### RECORDED DATA ###

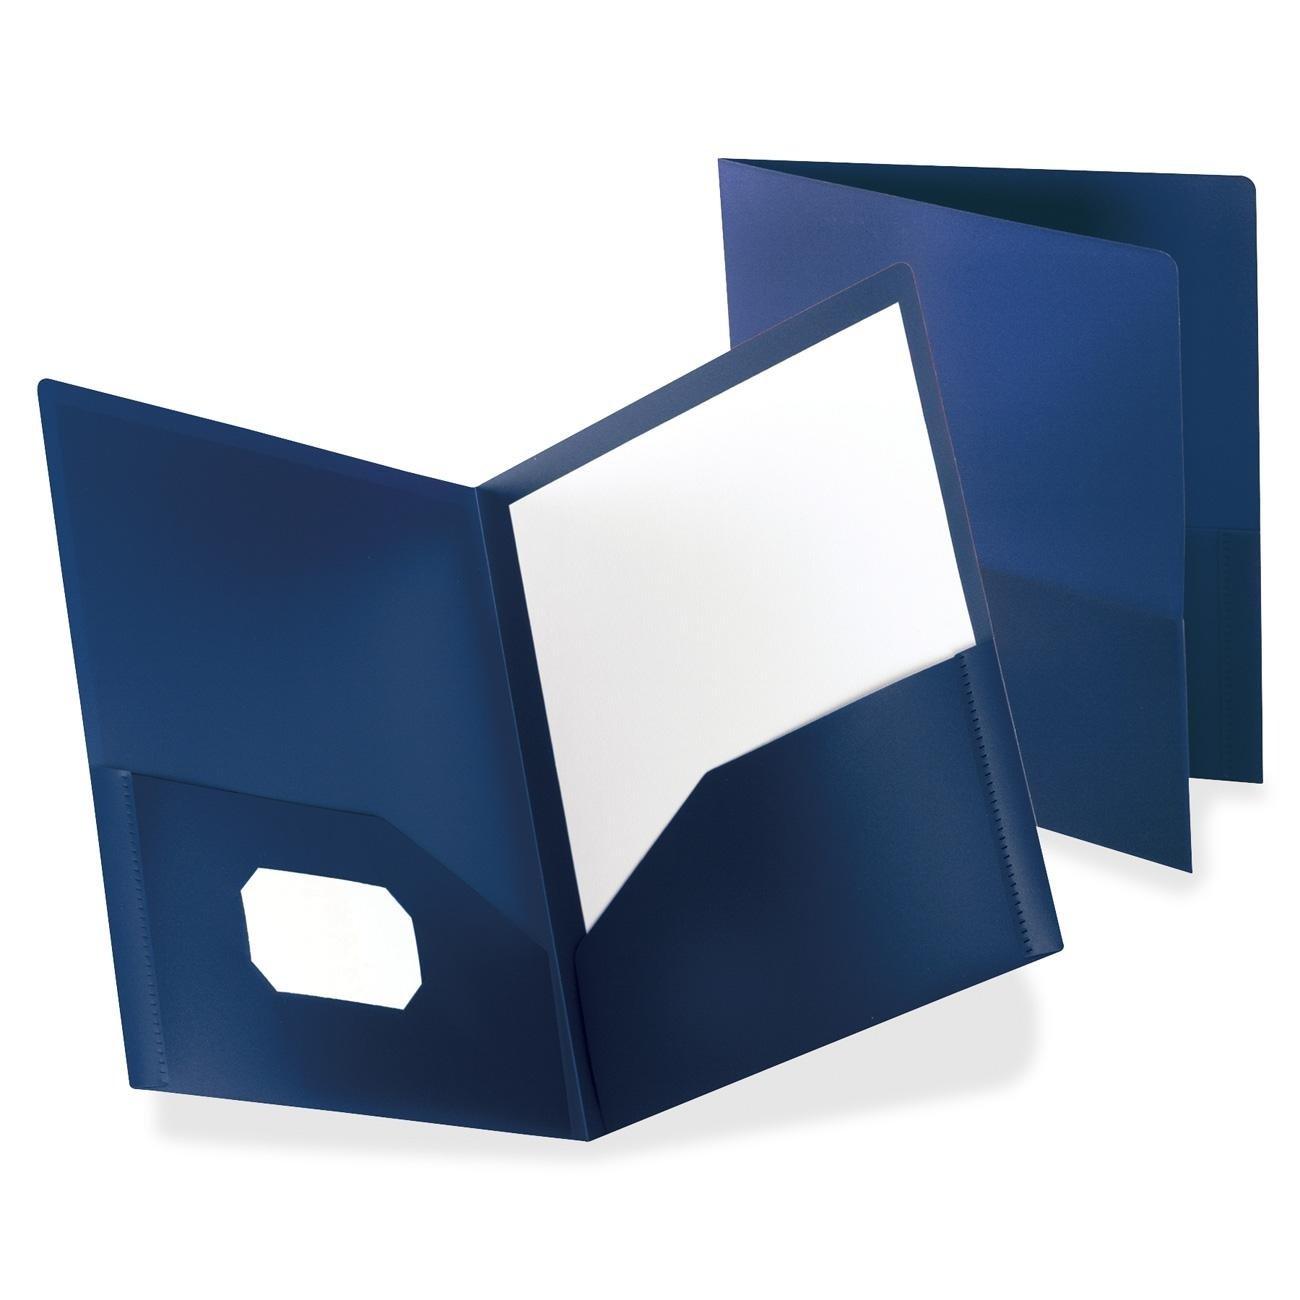 Amazon.com : Oxford Poly Twin Pocket Folders, Letter Size, Dark ...
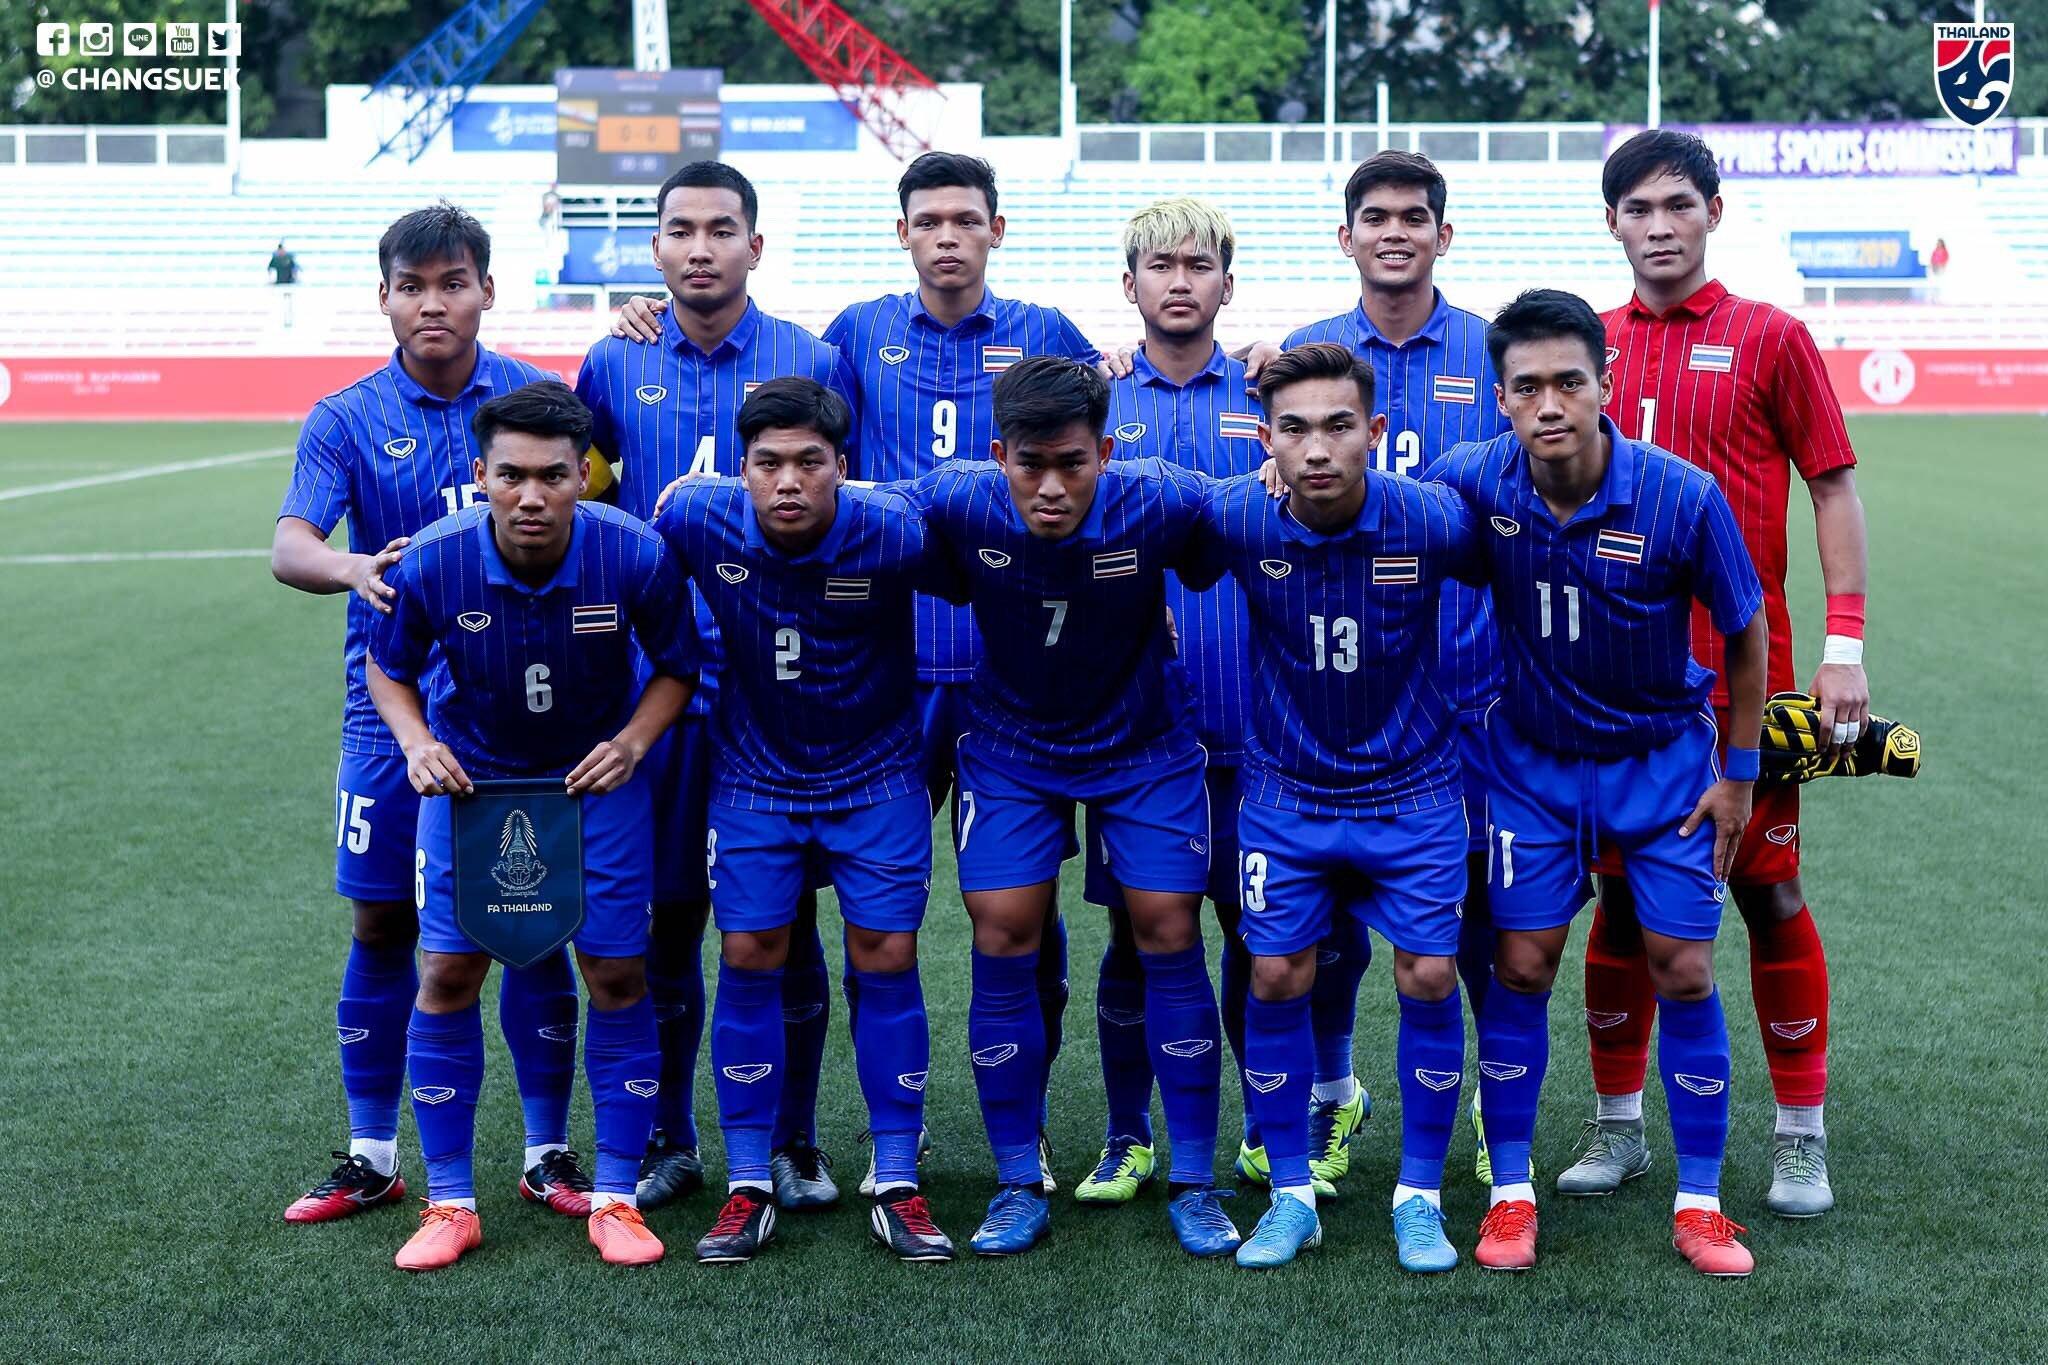 https: img-k.okeinfo.net content 2019 11 28 51 2135613 thailand-hajar-brunei-7-0-vietnam-sikat-laos-di-sea-games-2019-KrWx4qfU4X.jpg
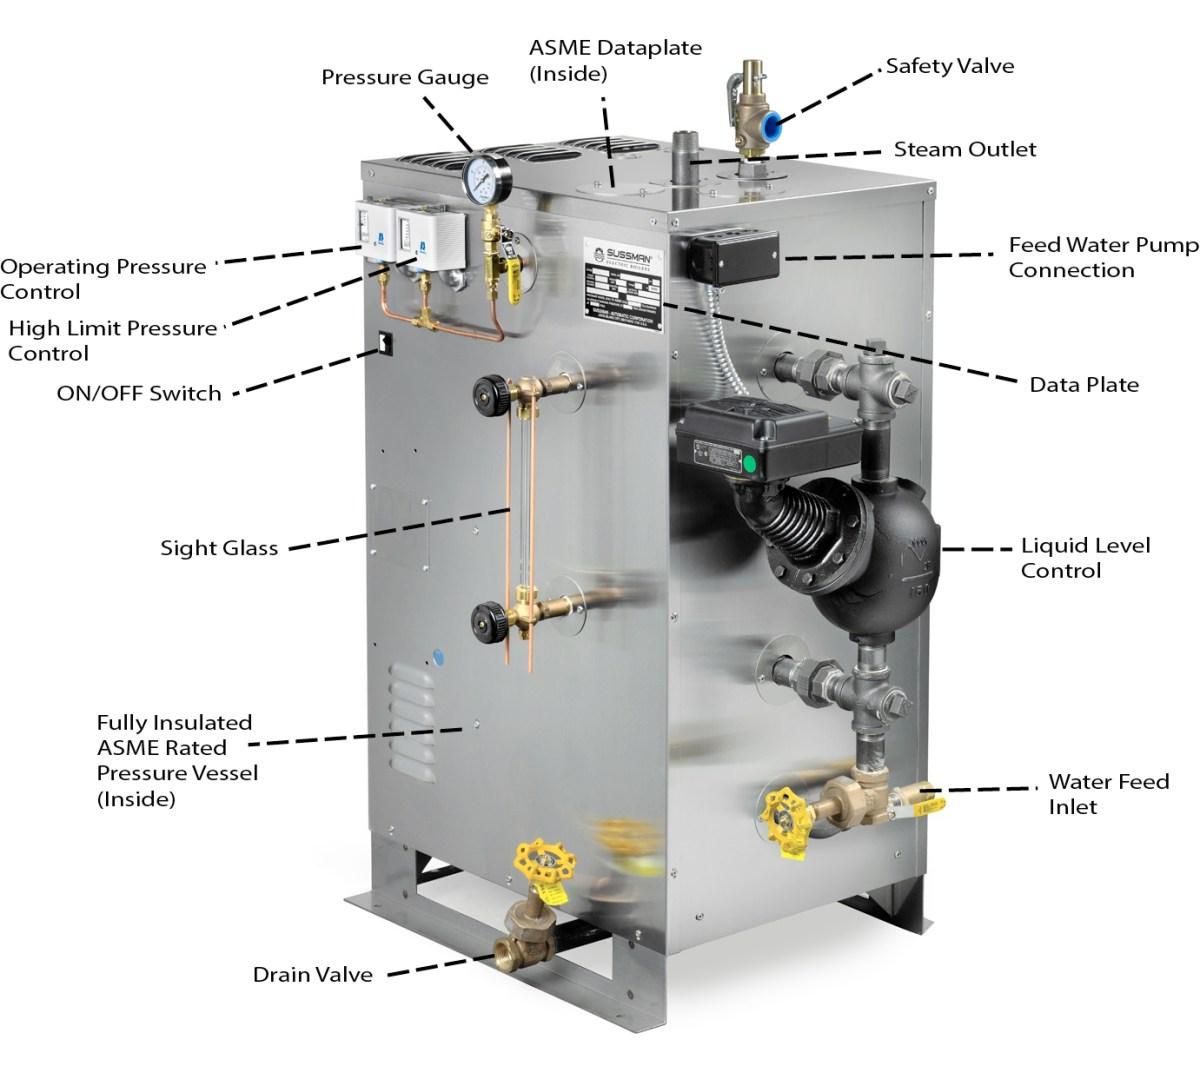 Slantfin Natural Gas Boiler with 150,000 BTU Input 110,000 Output BTU Intermittent Electronic Ignition

###

Could the data above be repeated exactly, with every picture dropped?

RESULT:
 Amazon.com : Oxford Poly Twin Pocket Folders, Letter Size, Dark ...
 https: img-k.okeinfo.net content 2019 11 28 51 2135613 thailand-hajar-brunei-7-0-vietnam-sikat-laos-di-sea-games-2019-KrWx4qfU4X.jpg
 Slantfin Natural Gas Boiler with 150,000 BTU Input 110,000 Output BTU Intermittent Electronic Ignition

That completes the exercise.